The Securities and Exchange Commission (SEC) has voted 3-2 in favor of new rules requiring listed companies to have a policy allowing them to reclaim executive compensation in the event of an accounting restatement and to make related disclosures.

“I believe that these rules will strengthen the transparency and quality of corporate financial statements, investor confidence in those statements, and the accountability of corporate executives to investors,” said SEC Chair Gary Gensler in a press release announcing the vote.

The new rule requires companies to adopt and file written recovery policies for executive compensation in the event of restatements as exhibits to their annual reports and disclose any actions taken to reclaim compensation. The clawbacks could effect compensation for each of the three years prior to a restatement.

Commissioners Peirce and Uyeda, the two Republican members of the body, voted against the proposal, with Gensler casting the deciding vote.

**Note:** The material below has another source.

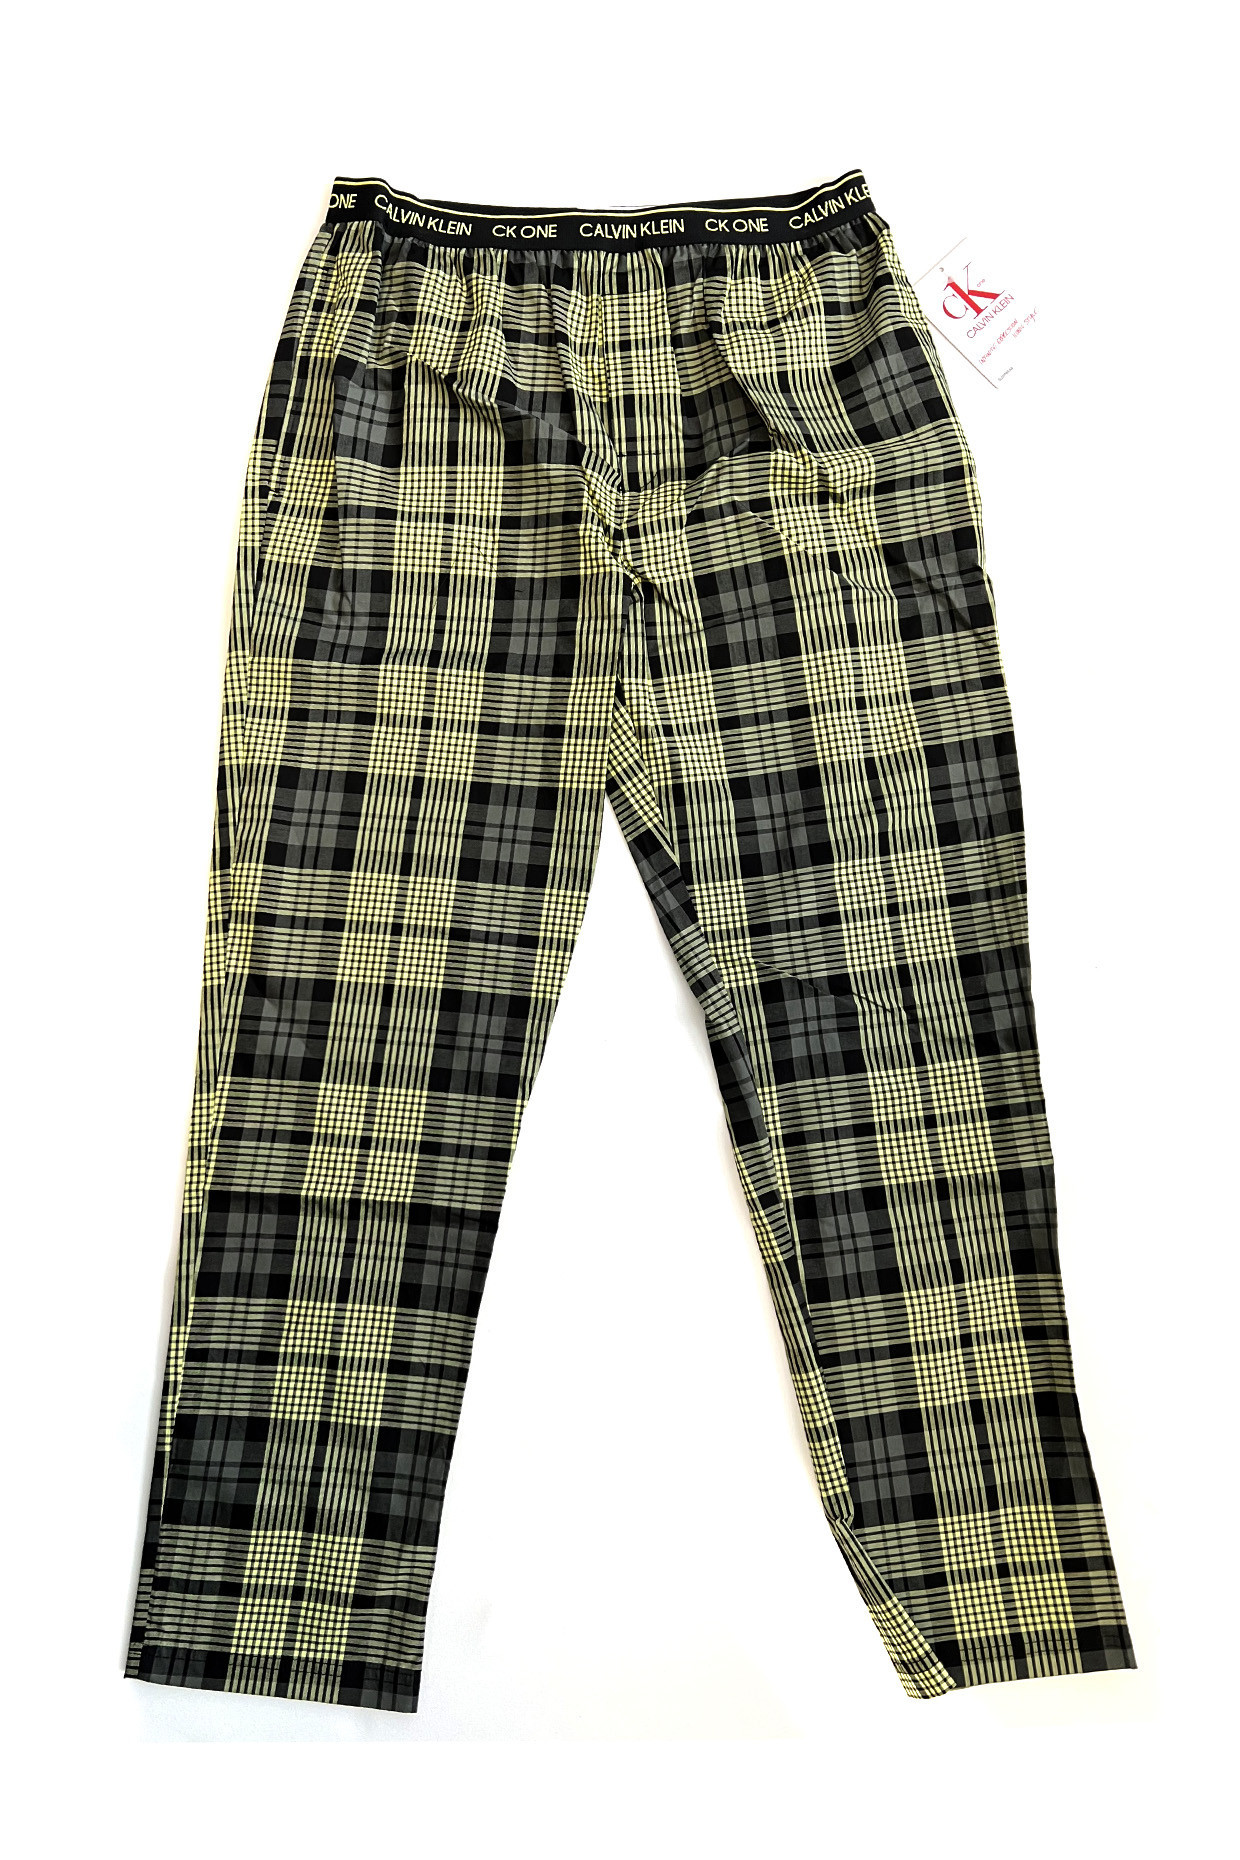 Pánské kalhoty na spaní NM1869E 1YS zeleno-černé - Calvin Klein Velikost: M, Barvy: zeleno-černá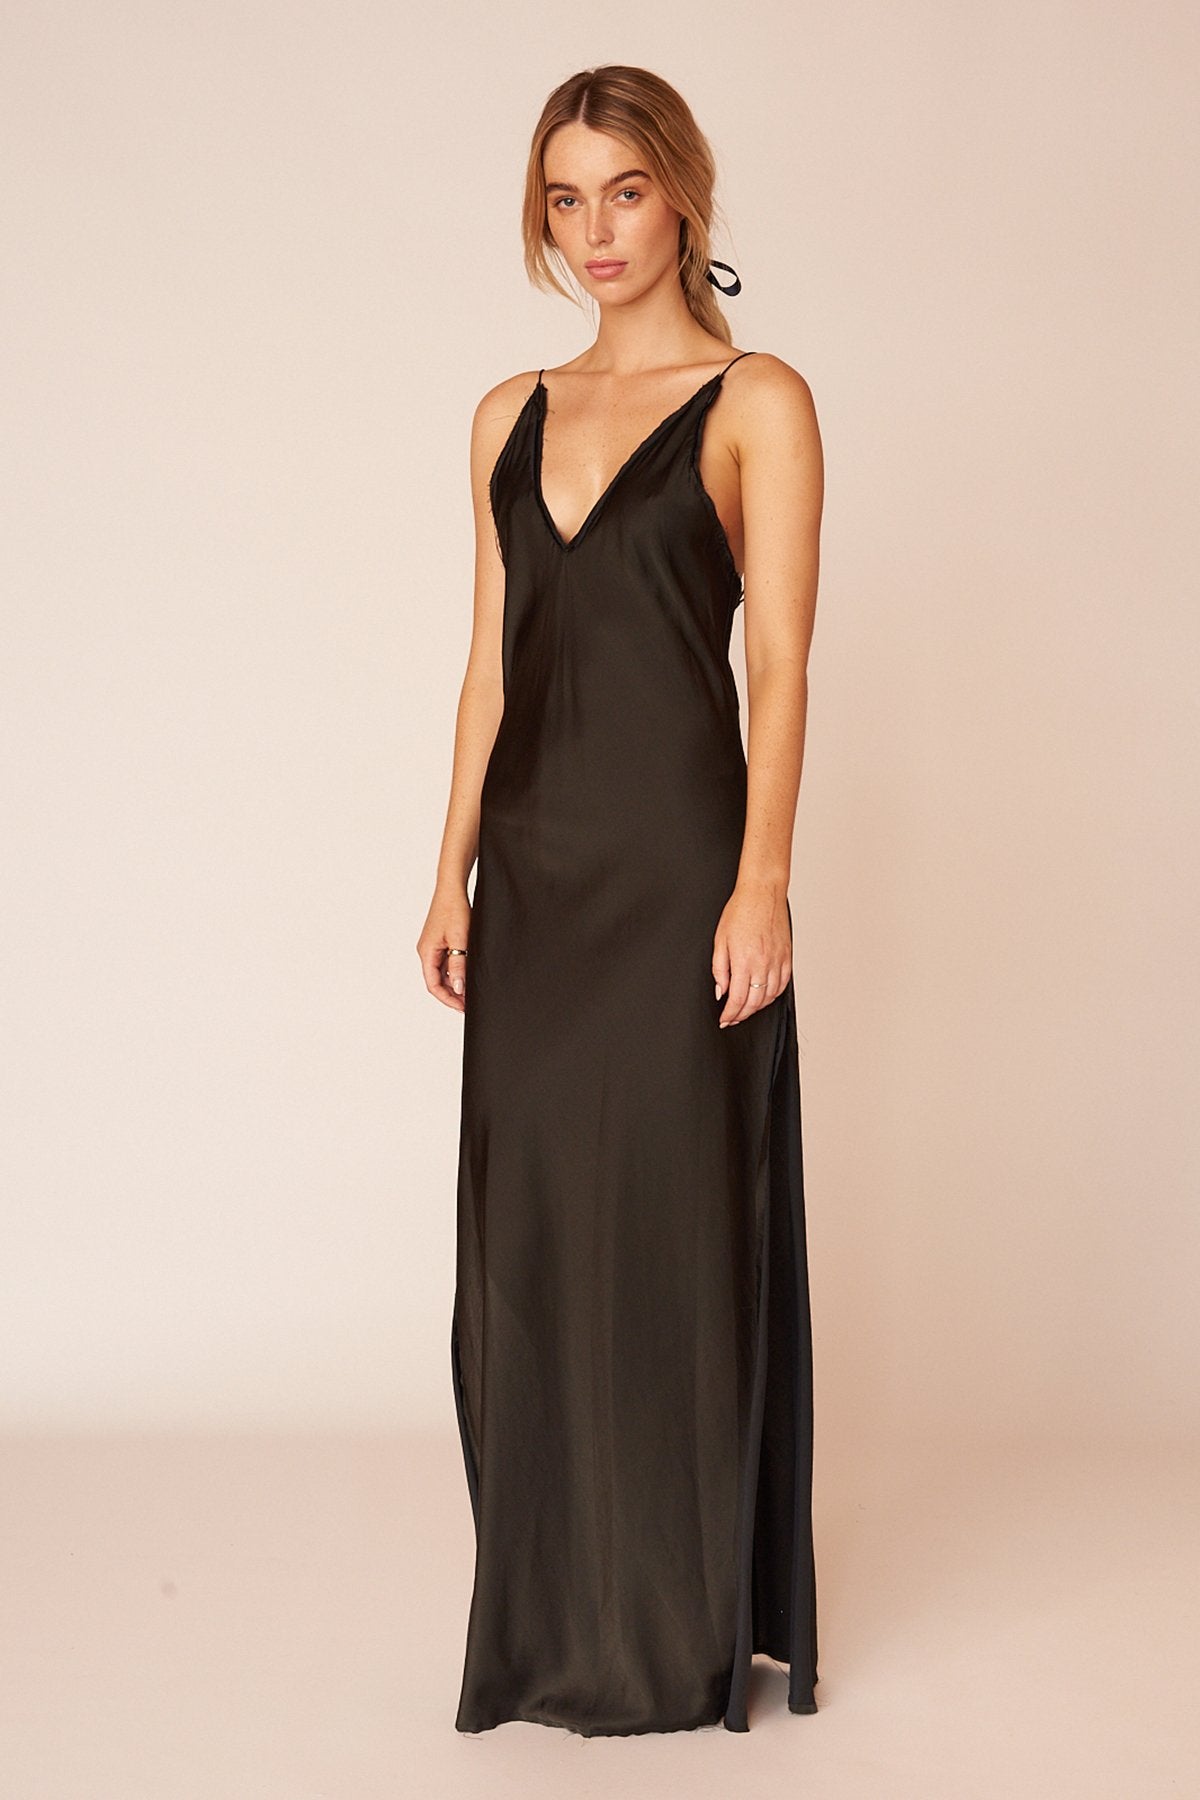 The O'Keeffe Full Length Dress - Ebony - LOOMES

The rule’s opponents said that the provisions were overly prescriptive and failed to reflect that share-based compensation had outgrown performance-related bonuses, and criticized the SEC’s lack of a fresh economic analysis since the rule was first applied in 2015.

However, Commissioner Jamie Lizarraga said that the rate of adoption of voluntary clawbacks made the need for a standardized policy “even clearer.”

Companies will have a year and 60 days to comply with the new rule.